Myles was asked to draw a triangle xyz and then dilate it using the origin aa the center of dilation and a scale factor of 0.75.he thinks adding 0.75 units to the coordinates of the vertices of xyz will help him draw the dilated image. Explain why miles is incorrect,and what he needs to do to graph the dilation.

it's a dilation, not a translation.

for a dilation, each coordinate is multiplied by the scale factor.

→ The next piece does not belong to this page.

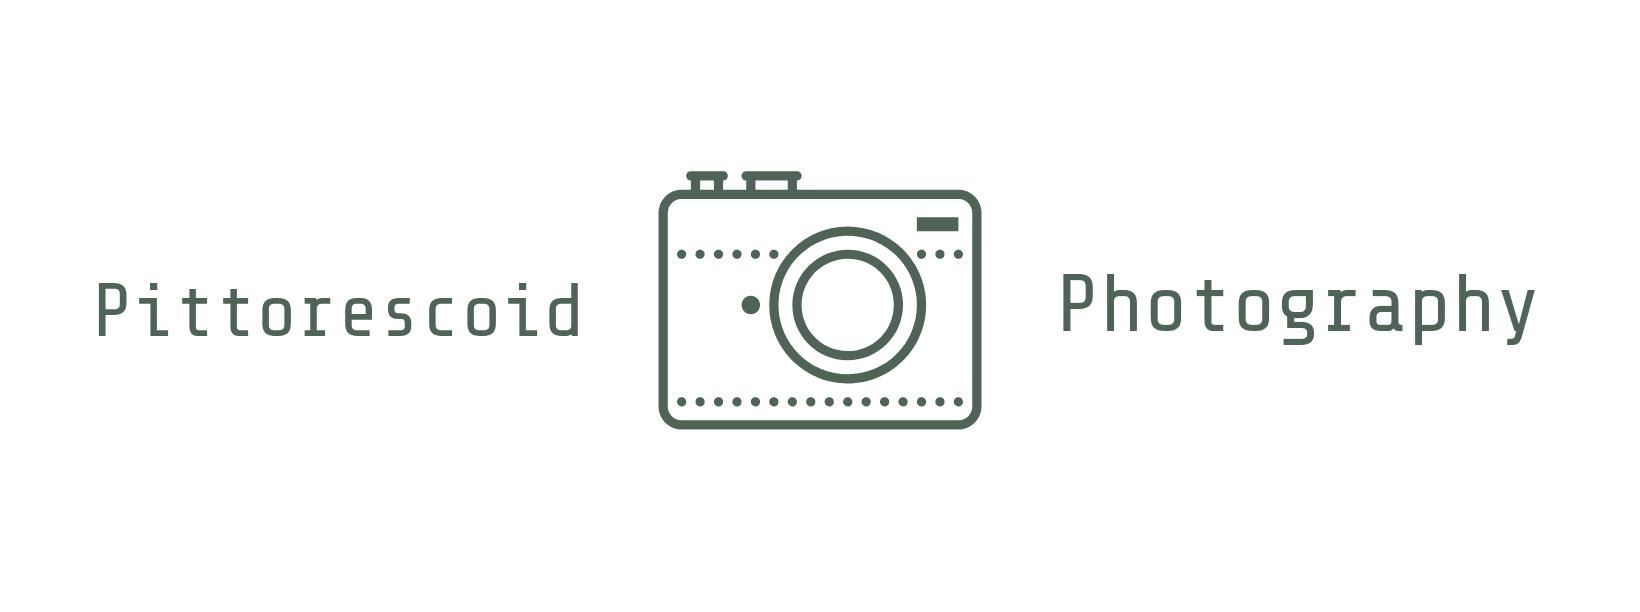 Pittorescoid Phtography

Myles is incorrect in thinking that adding 0.75 units to the coordinates of the vertices of triangle XYZ will help him draw the dilated image. Here's why:

To dilate a shape, we need to adjust the distance of each point from the center of dilation according to the given scale factor. The scale factor determines how much the shape will be expanded or contracted.

In this case, the center of dilation is the origin (0,0), and the scale factor is 0.75. To dilate a point, we multiply its coordinates by the scale factor.

To graph the dilation of triangle XYZ, Myles should follow these steps:

1. Find the coordinates of each vertex of triangle XYZ.
2. Multiply the coordinates of each vertex by the scale factor of 0.75.
For example, if the original coordinates of vertex X are (x1, y1), the dilated coordinates will be (0.75 * x1, 0.75 * y1). Repeat this for each vertex.
3. Plot the dilated coordinates to graph the dilated image of triangle XYZ.

By following these steps, Myles will accurately graph the dilated image of triangle XYZ with the origin as the center of dilation and a scale factor of 0.75.

Myles is incorrect in thinking that adding 0.75 units to the coordinates of the vertices of XYZ will accurately draw the dilated image. The reason is that a dilation with a scale factor of 0.75 involves shrinking the original image. Adding a value to the coordinates would actually result in expanding the image, not shrinking it.

To correctly graph the dilated image, Myles needs to follow these steps:

1. Draw the original triangle XYZ.
2. Identify the center of dilation, which in this case is the origin (0,0).
3. Determine the scale factor, which is given as 0.75.
4. For each vertex of the original triangle, perform the following steps:
- Multiply the x-coordinate of the vertex by the scale factor.
- Multiply the y-coordinate of the vertex by the scale factor.
- This will give you the corresponding coordinates for the dilated image.
5. Connect the new coordinates to form the dilated triangle.

By multiplying the coordinates of each vertex by the scale factor, Myles can properly "shrink" the original triangle XYZ around the origin, resulting in the correct dilated image.